■ **Problem statement**
Would you print the records below without changing anything?

Recorded data: Begin

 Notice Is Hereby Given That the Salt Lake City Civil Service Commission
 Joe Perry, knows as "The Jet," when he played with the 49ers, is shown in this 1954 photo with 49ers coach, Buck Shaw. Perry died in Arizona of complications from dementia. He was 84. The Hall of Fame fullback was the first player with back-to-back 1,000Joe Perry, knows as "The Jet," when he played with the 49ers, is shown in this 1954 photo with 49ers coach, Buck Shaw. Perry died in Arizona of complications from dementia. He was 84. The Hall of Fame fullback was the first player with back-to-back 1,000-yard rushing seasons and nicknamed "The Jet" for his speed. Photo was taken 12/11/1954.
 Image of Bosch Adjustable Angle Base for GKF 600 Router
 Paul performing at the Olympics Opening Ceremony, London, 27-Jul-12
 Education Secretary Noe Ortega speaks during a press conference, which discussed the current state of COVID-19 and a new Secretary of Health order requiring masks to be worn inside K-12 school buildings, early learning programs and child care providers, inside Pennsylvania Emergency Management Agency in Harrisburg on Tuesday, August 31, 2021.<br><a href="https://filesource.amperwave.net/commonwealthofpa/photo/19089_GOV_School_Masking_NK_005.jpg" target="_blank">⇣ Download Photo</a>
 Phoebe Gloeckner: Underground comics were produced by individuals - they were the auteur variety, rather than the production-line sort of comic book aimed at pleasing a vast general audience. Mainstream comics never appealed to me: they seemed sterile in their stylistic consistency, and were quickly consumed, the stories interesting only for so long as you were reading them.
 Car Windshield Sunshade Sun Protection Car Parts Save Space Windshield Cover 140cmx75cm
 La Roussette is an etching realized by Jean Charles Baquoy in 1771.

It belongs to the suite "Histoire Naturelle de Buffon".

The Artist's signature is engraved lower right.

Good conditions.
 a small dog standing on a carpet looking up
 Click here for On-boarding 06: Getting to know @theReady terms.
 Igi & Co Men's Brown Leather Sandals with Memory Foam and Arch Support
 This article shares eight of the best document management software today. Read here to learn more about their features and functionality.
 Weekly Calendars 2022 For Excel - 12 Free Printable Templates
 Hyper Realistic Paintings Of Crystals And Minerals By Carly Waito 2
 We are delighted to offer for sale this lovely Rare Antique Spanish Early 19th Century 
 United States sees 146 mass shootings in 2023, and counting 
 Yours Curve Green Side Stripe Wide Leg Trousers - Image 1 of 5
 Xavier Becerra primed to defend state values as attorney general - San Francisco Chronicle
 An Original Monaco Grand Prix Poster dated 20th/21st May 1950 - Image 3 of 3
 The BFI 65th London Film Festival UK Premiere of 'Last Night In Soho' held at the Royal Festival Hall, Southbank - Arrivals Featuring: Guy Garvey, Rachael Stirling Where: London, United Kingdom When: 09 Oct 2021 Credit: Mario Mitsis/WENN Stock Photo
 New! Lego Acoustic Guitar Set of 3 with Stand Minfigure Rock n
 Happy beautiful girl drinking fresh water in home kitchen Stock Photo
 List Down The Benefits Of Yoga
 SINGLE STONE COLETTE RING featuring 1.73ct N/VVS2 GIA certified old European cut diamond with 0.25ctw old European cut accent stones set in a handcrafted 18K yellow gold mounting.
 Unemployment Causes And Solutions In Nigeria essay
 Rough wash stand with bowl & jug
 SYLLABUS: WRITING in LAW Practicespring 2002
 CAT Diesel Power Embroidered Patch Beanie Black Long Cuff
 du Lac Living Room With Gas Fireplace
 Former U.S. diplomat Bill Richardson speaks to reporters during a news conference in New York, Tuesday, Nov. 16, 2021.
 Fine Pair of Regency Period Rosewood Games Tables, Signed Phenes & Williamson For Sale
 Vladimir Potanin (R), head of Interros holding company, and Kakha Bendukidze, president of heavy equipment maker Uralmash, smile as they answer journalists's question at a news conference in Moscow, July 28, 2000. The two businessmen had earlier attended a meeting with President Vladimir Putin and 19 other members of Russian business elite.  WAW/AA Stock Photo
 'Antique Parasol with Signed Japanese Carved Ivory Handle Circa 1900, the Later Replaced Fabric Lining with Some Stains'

Recorded data: End

■ **Response for this exercise**
 Notice Is Hereby Given That the Salt Lake City Civil Service Commission
 Joe Perry, knows as "The Jet," when he played with the 49ers, is shown in this 1954 photo with 49ers coach, Buck Shaw. Perry died in Arizona of complications from dementia. He was 84. The Hall of Fame fullback was the first player with back-to-back 1,000Joe Perry, knows as "The Jet," when he played with the 49ers, is shown in this 1954 photo with 49ers coach, Buck Shaw. Perry died in Arizona of complications from dementia. He was 84. The Hall of Fame fullback was the first player with back-to-back 1,000-yard rushing seasons and nicknamed "The Jet" for his speed. Photo was taken 12/11/1954.
 Image of Bosch Adjustable Angle Base for GKF 600 Router
 Paul performing at the Olympics Opening Ceremony, London, 27-Jul-12
 Education Secretary Noe Ortega speaks during a press conference, which discussed the current state of COVID-19 and a new Secretary of Health order requiring masks to be worn inside K-12 school buildings, early learning programs and child care providers, inside Pennsylvania Emergency Management Agency in Harrisburg on Tuesday, August 31, 2021.<br><a href="https://filesource.amperwave.net/commonwealthofpa/photo/19089_GOV_School_Masking_NK_005.jpg" target="_blank">⇣ Download Photo</a>
 Phoebe Gloeckner: Underground comics were produced by individuals - they were the auteur variety, rather than the production-line sort of comic book aimed at pleasing a vast general audience. Mainstream comics never appealed to me: they seemed sterile in their stylistic consistency, and were quickly consumed, the stories interesting only for so long as you were reading them.
 Car Windshield Sunshade Sun Protection Car Parts Save Space Windshield Cover 140cmx75cm
 La Roussette is an etching realized by Jean Charles Baquoy in 1771.

It belongs to the suite "Histoire Naturelle de Buffon".

The Artist's signature is engraved lower right.

Good conditions.
 a small dog standing on a carpet looking up
 Click here for On-boarding 06: Getting to know @theReady terms.
 Igi & Co Men's Brown Leather Sandals with Memory Foam and Arch Support
 This article shares eight of the best document management software today. Read here to learn more about their features and functionality.
 Weekly Calendars 2022 For Excel - 12 Free Printable Templates
 Hyper Realistic Paintings Of Crystals And Minerals By Carly Waito 2
 We are delighted to offer for sale this lovely Rare Antique Spanish Early 19th Century 
 United States sees 146 mass shootings in 2023, and counting 
 Yours Curve Green Side Stripe Wide Leg Trousers - Image 1 of 5
 Xavier Becerra primed to defend state values as attorney general - San Francisco Chronicle
 An Original Monaco Grand Prix Poster dated 20th/21st May 1950 - Image 3 of 3
 The BFI 65th London Film Festival UK Premiere of 'Last Night In Soho' held at the Royal Festival Hall, Southbank - Arrivals Featuring: Guy Garvey, Rachael Stirling Where: London, United Kingdom When: 09 Oct 2021 Credit: Mario Mitsis/WENN Stock Photo
 New! Lego Acoustic Guitar Set of 3 with Stand Minfigure Rock n
 Happy beautiful girl drinking fresh water in home kitchen Stock Photo
 List Down The Benefits Of Yoga
 SINGLE STONE COLETTE RING featuring 1.73ct N/VVS2 GIA certified old European cut diamond with 0.25ctw old European cut accent stones set in a handcrafted 18K yellow gold mounting.
 Unemployment Causes And Solutions In Nigeria essay
 Rough wash stand with bowl & jug
 SYLLABUS: WRITING in LAW Practicespring 2002
 CAT Diesel Power Embroidered Patch Beanie Black Long Cuff
 du Lac Living Room With Gas Fireplace
 Former U.S. diplomat Bill Richardson speaks to reporters during a news conference in New York, Tuesday, Nov. 16, 2021.
 Fine Pair of Regency Period Rosewood Games Tables, Signed Phenes & Williamson For Sale
 Vladimir Potanin (R), head of Interros holding company, and Kakha Bendukidze, president of heavy equipment maker Uralmash, smile as they answer journalists's question at a news conference in Moscow, July 28, 2000. The two businessmen had earlier attended a meeting with President Vladimir Putin and 19 other members of Russian business elite.  WAW/AA Stock Photo
 'Antique Parasol with Signed Japanese Carved Ivory Handle Circa 1900, the Later Replaced Fabric Lining with Some Stains'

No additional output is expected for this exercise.